The media create this fervent buzz of optimism around our teams labeling every player as a ‘star’ or an ‘ace’ and cataloguing every win as a clear indication of upcoming success; yet when players fail to deliver on this mass of media-concocted conjecture, the media tell us that we should be outraged. Do we really see Rooney et al as a group of world beaters? I know I don’t, especially when players are picked on image rather than form.

The harrowing tale of Robert Enke should serve as a warning which we must heed. Enke’s taking of his own life in 2009 provides a real world reminder that managers and players are nothing but human in heart and mind. Amy Lawrence, deputy football correspondent for The Observer, sums up the whole issue of media-driven pressure in the aftermath of Enke’s death; after reading Ronald Reng’s biography of Enke she wrote that:

"There is clearly an important distinction to be made between Enke, whose illness cost him his life, and those in football who are experiencing setbacks. But it is not so terrible to give some thought to the pressure-cooker environment high level sportsmen exist within. Footballer X misses the latest in a series of sitters? Manager Y has lost the game, the dressing room and quite possibly the plot? Referee Z flunks the critical decision in the game? In English football the default reaction is to mock, to berate, to intimidate. After reading Reng's book I have looked in the mirror and felt ashamed about some opinions I have dived into. It is so easy to rush to judgment, to make a cartoon villain of someone or vent spleen from a position of the supposed moral high ground."

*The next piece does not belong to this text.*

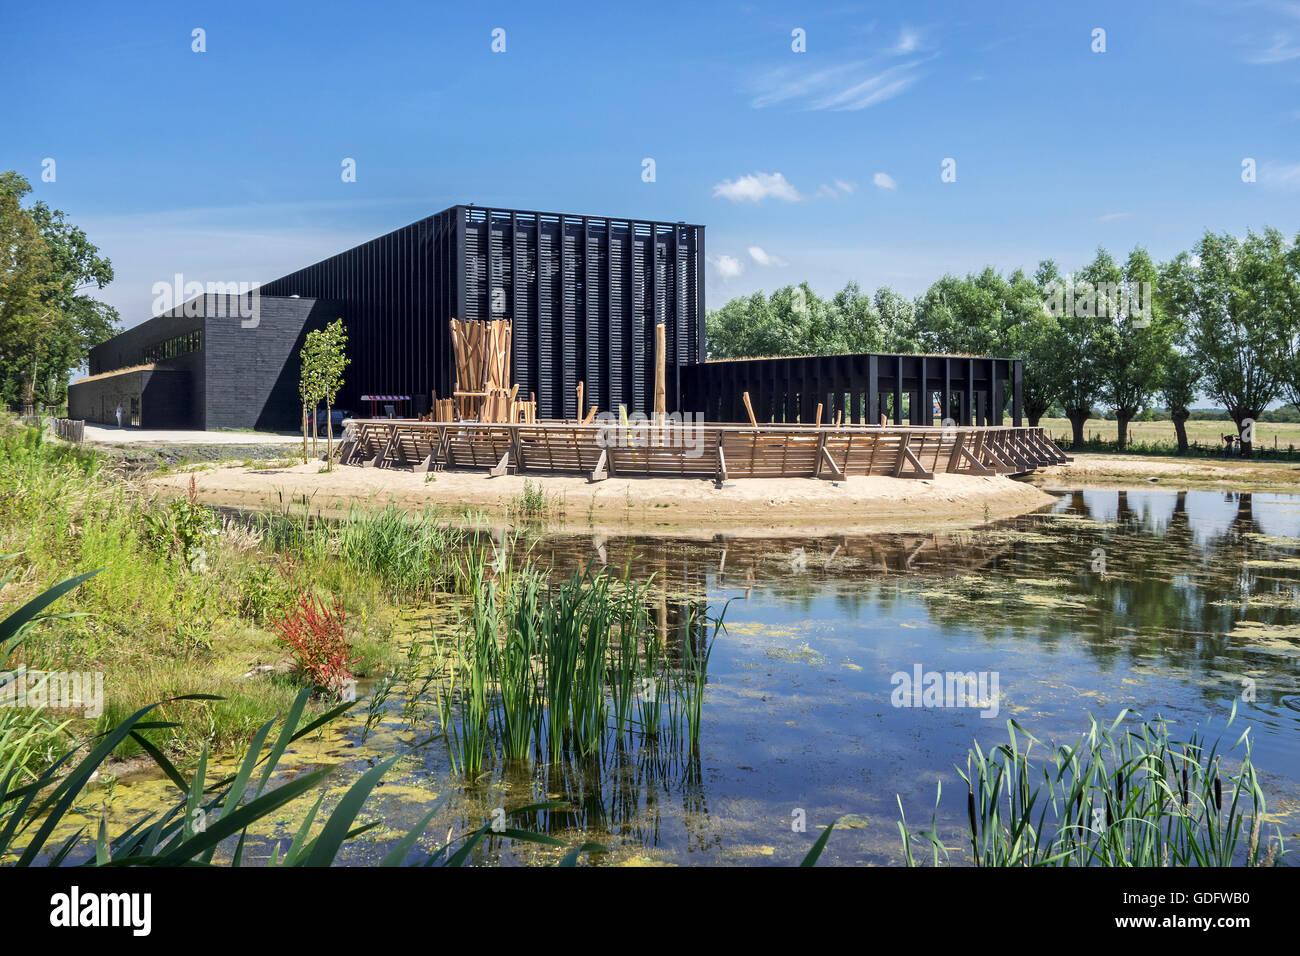 Flanders Nature Center

Lawrence hits the proverbial nail on the head with her empathetic reflection on the issues raised by Enke’s death. Both the media and ourselves are far too keen on creating a toxic atmosphere in which footballers both nationally and internationally suffocate and wither.

I recently spoke to a German friend of mine, Max, a football fan living in Cologne, who pointed out to me that, "In general the German newspapers try to be more respectful, but sometimes they can be negative, especially Bild. But in general, not as quick being cynical and bad on single players or people (as the British press)." I found his insight telling in all honesty, Max noted he wasn’t an expert on the sporting British press but felt from what he had read that they were quicker to change their tone and chastise poor performances. Enke’s death however, has led to the German press trying to be more sensitive with their views and opinions.

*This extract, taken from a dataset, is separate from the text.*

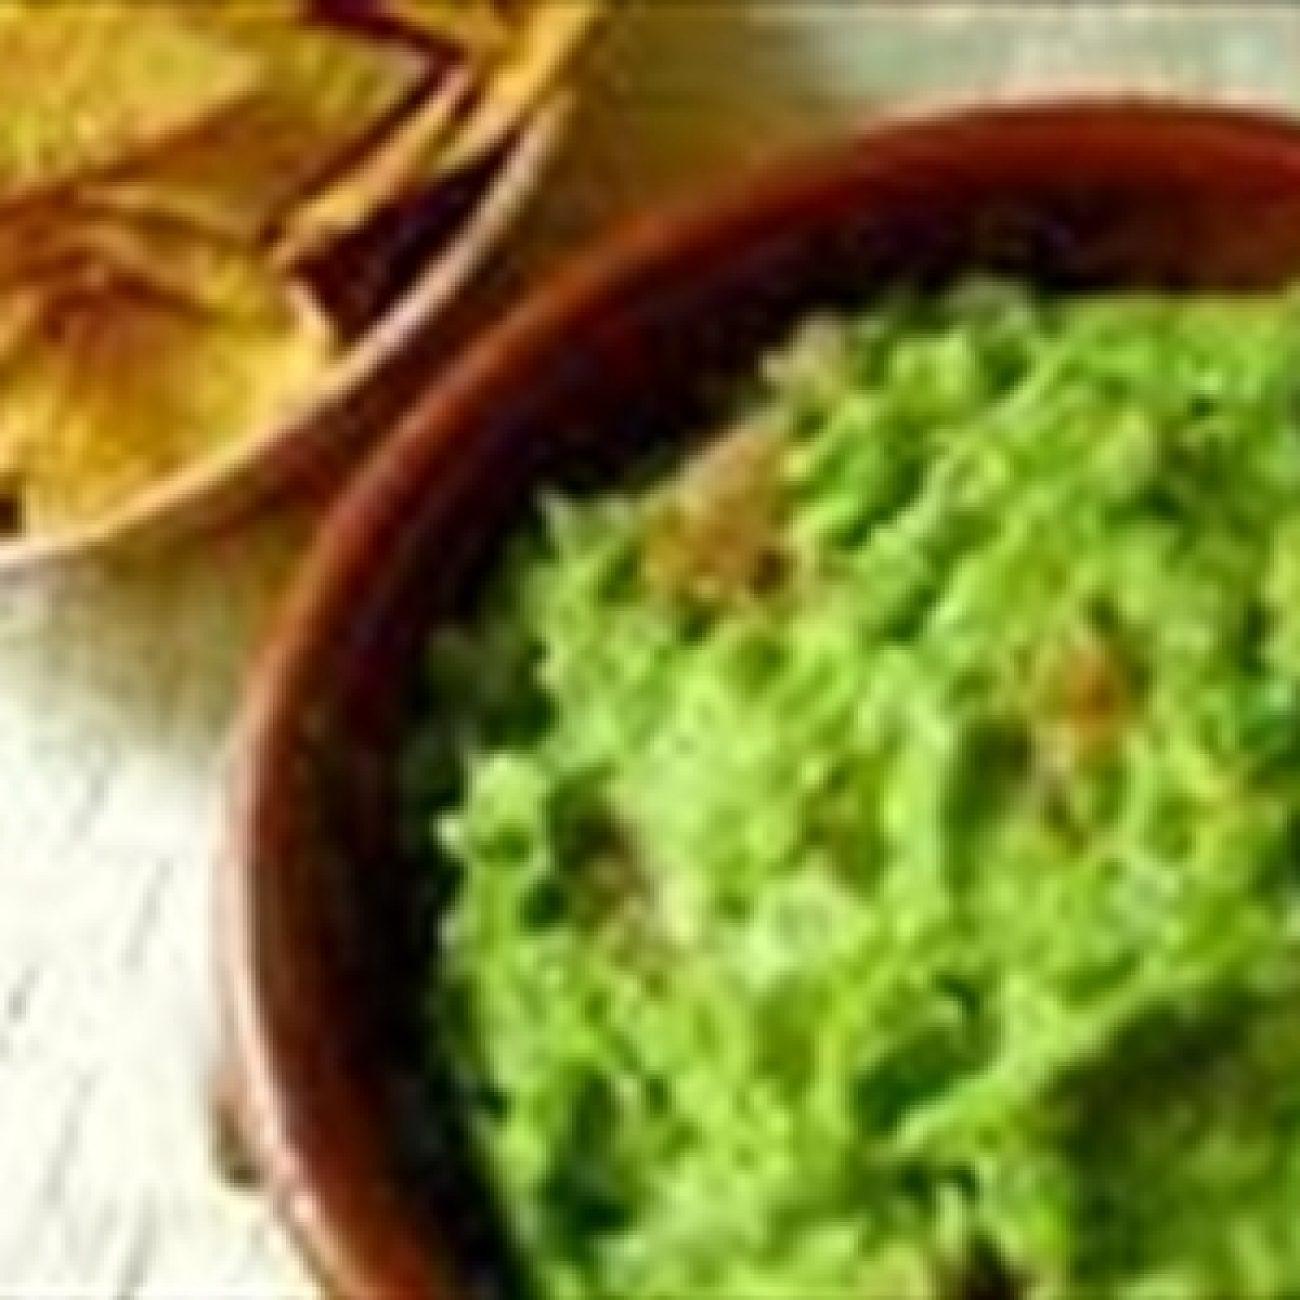 Appetizer – Guacamole

No-one is suggesting that the media should hide their critique or pander to the professionals they report upon, but needless cynicism - and sometimes just downright nastiness - is surely just another negative that does nothing to address the issue at hand.

So next time the lads are slogging through a rough patch, or we didn’t sign the players we wanted, step back and think about the impact you might have on another human’s life with some spurious insult thrown into the big wide world of the web. It just might have an impact.